Today, let's talk about the prequisite course. The University of Houston's College of Engineering presents this series about the machines that make our civilization run, and the people whose ingenuity created them.
Rereading a set of articles in last year's Science magazine has set off all my alarm bells. Educators, concerned over the way American science students have slipped behind, are recommending an integrated curriculum. Let's see what that means.
Most high schools start students out with biology. Then they teach chemistry and finally physics. That way they go from the course seen as least mathematical and most descriptive to the one regarded as most mathematically and conceptually difficult. The reason we teach biology as a purely descriptive course is that it's really so complex that few teachers can handle its full details.
So these courses get taught independently of each other. Biology texts raise issue after issue that can't possibly make sense without physics and chemistry: reaction rates, pH, chemical bonds.
Chemistry in turn is laced with concepts from the physics course that students haven't yet taken. So science begins to look like no more than a recitation of words. Students have little basis for appreciating the structural way the concepts bind one another together.
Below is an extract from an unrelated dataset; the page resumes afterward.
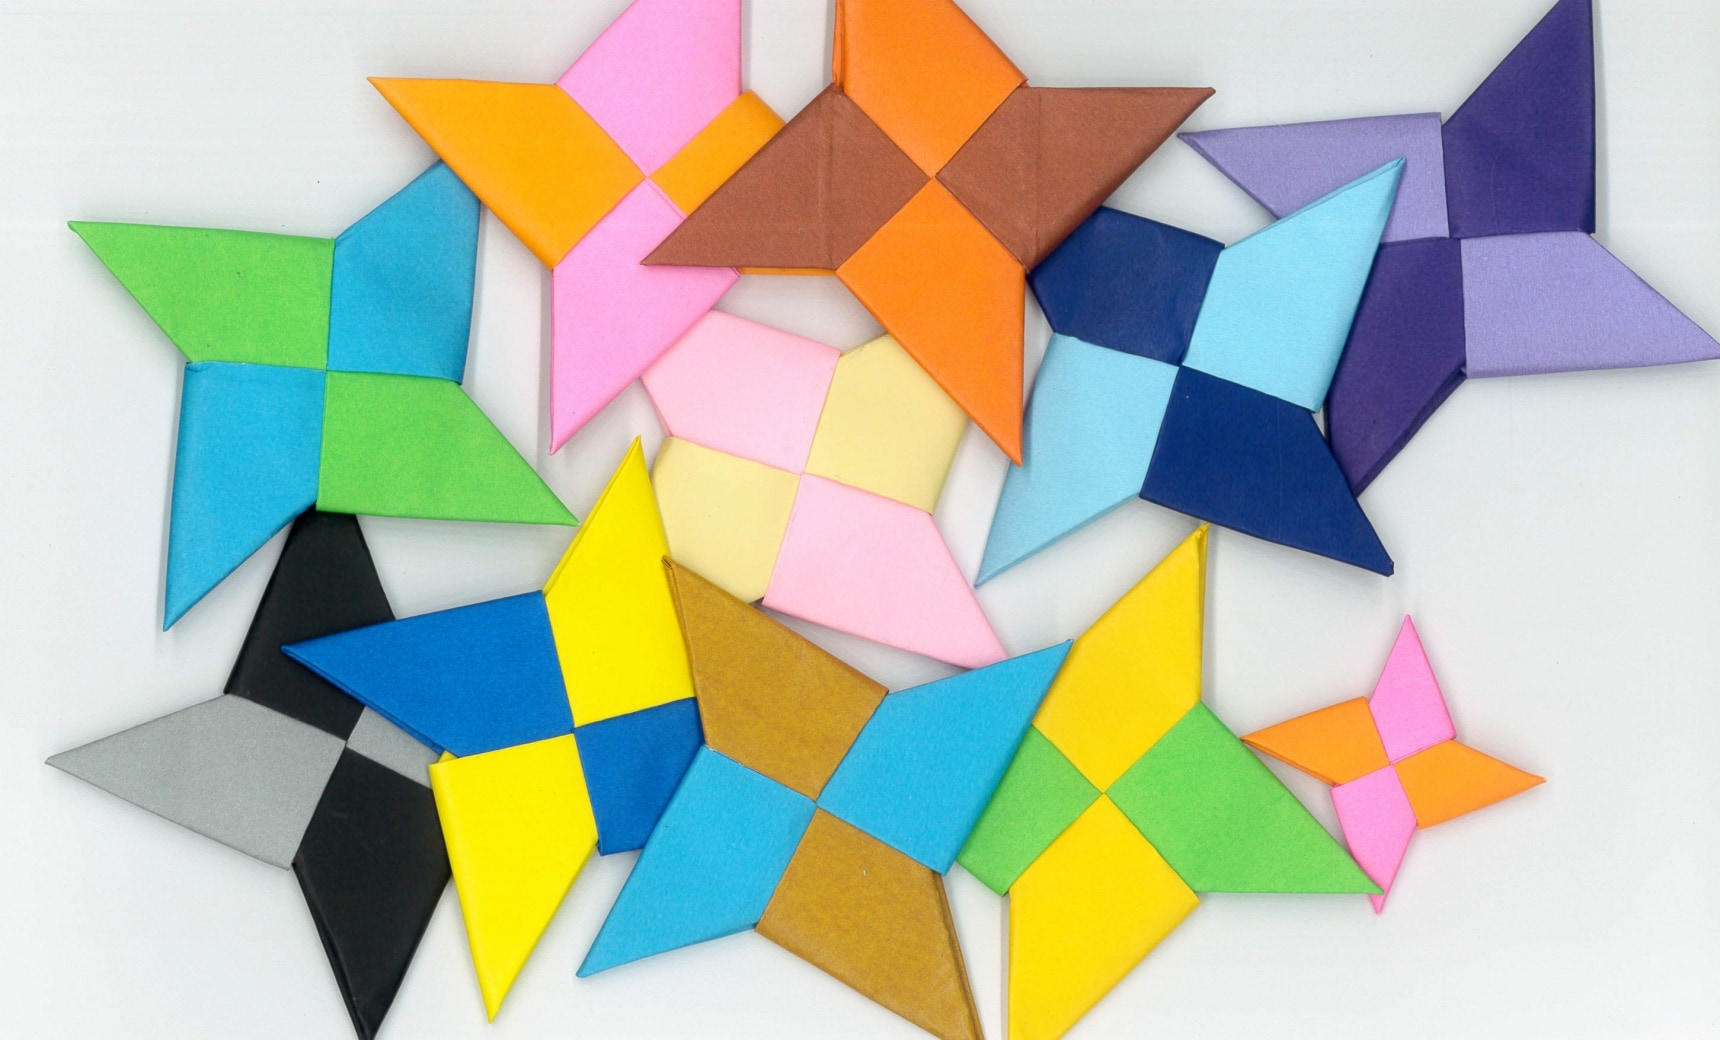 มา D.I.Y. ชูริเคน 6 แบบด้วย Origami กัน

Science is quite different from, say, history. Humanities students develop maturity in a mosaic fashion. Learn about Byzantium one semester and English kings the next. The order isn't important, because the big picture emerges from many tiles. Far more than biology, history is too complex to be based on simple sequences.
To teach science, we have to reveal a mathematical and logical structure that comes to rest on concepts and equations. To understand science, we have to develop an architectural eye for its structure. That architecture can no more be broken into isolated units than a building can be reduced to a collection of rooms.
The structure of science should be seen, not as the essence of scientific complexity, but rather the essence of scientific unity and simplicity. That's why educators rightly call for an integrated science curriculum. By that they mean teaching math, physics, chemistry, and biology in that general order but all of a piece, building up the logic and the structure along the way.
Meanwhile, the result of teaching science in isolated sections has been more devastating than we realize. Students who've seen science reduced to description are left with only words. And the architecture of course sequences -- the heart of science education -- makes less and less sense. That's why college students sell their textbooks at the end of a semester and expect the next course to be a tabula rasa -- a new beginning untouched by previous study.
This is subtle business. Science offers so many lovely and compelling phenomena that we're seduced into thinking we're teaching science when we're only describing raw data. The Latin word scientia means ordered knowledge. Until we've conveyed the architecture of that order, we've taught very little indeed.
I'm John Lienhard, at the University of Houston, where we're interested in the way inventive minds work.
Mervis, J., U.S. Tries Variations on High School Curriculum. Science, Vol. 281, July 10, 1998, pp. 161, 163.
Bardeen, M.G., Lederman, L.M., Coherence in Science Education. Science, Vol. 281, July 10, 1998, p. 178.